Differentiable Weighted Finite-State Transducers
This work addresses the problem of incorporating structured prior knowledge into machine learning models, particularly for sequence tasks like handwriting and speech recognition, though it is incremental in extending existing WFST methods.
The authors introduced a differentiable framework for weighted finite-state transducers (WFSTs) to enable their dynamic use during training, allowing the integration of structured loss functions and prior knowledge into learning algorithms, with validation in handwriting and speech recognition tasks.

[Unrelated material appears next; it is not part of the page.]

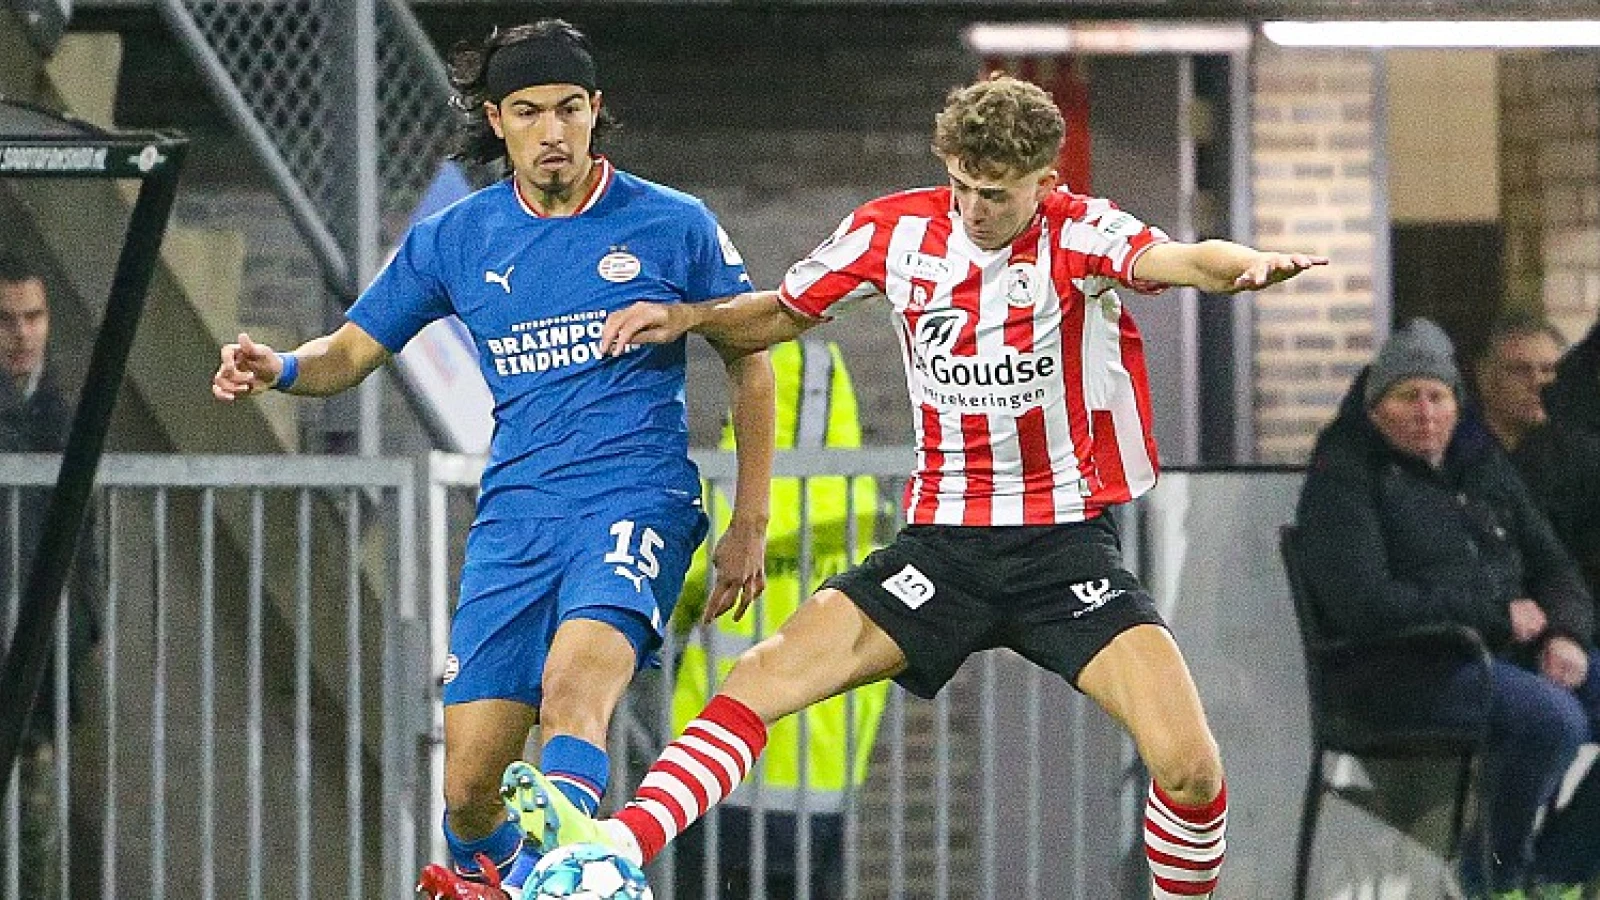 'Feyenoord brengt na wedstrijd tegen FC Twente bod uit op Mijnans'
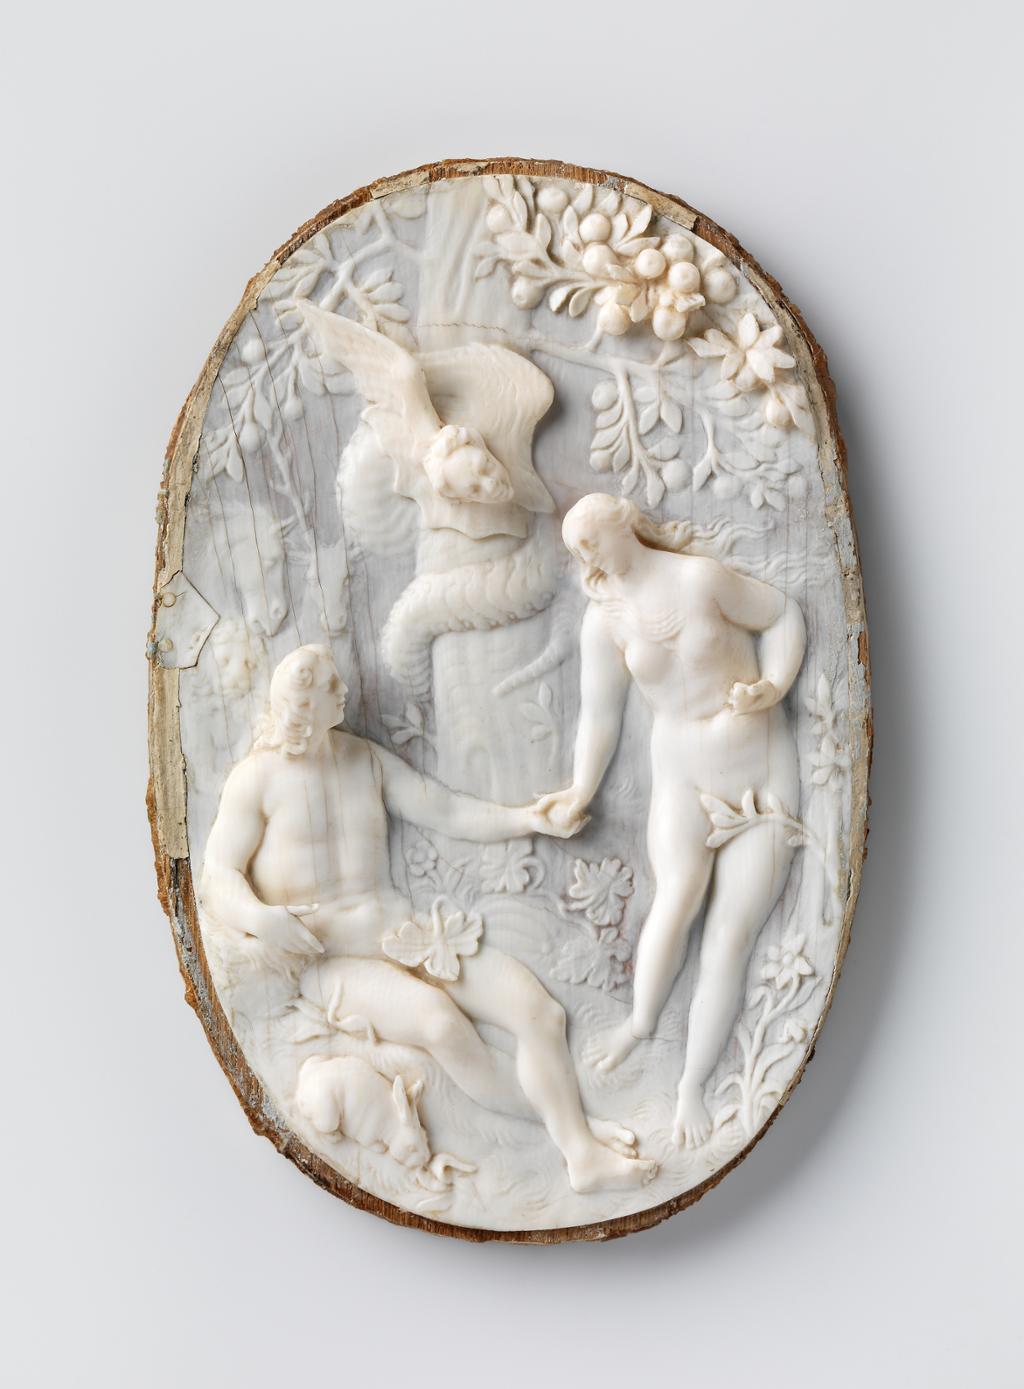 Adam og Eva blir drevet ut av Paradis. Foto av relieff i elfenben.

We introduce a framework for automatic differentiation with weighted finite-state transducers (WFSTs) allowing them to be used dynamically at training time. Through the separation of graphs from operations on graphs, this framework enables the exploration of new structured loss functions which in turn eases the encoding of prior knowledge into learning algorithms. We show how the framework can combine pruning and back-off in transition models with various sequence-level loss functions. We also show how to learn over the latent decomposition of phrases into word pieces. Finally, to demonstrate that WFSTs can be used in the interior of a deep neural network, we propose a convolutional WFST layer which maps lower-level representations to higher-level representations and can be used as a drop-in replacement for a traditional convolution. We validate these algorithms with experiments in handwriting recognition and speech recognition.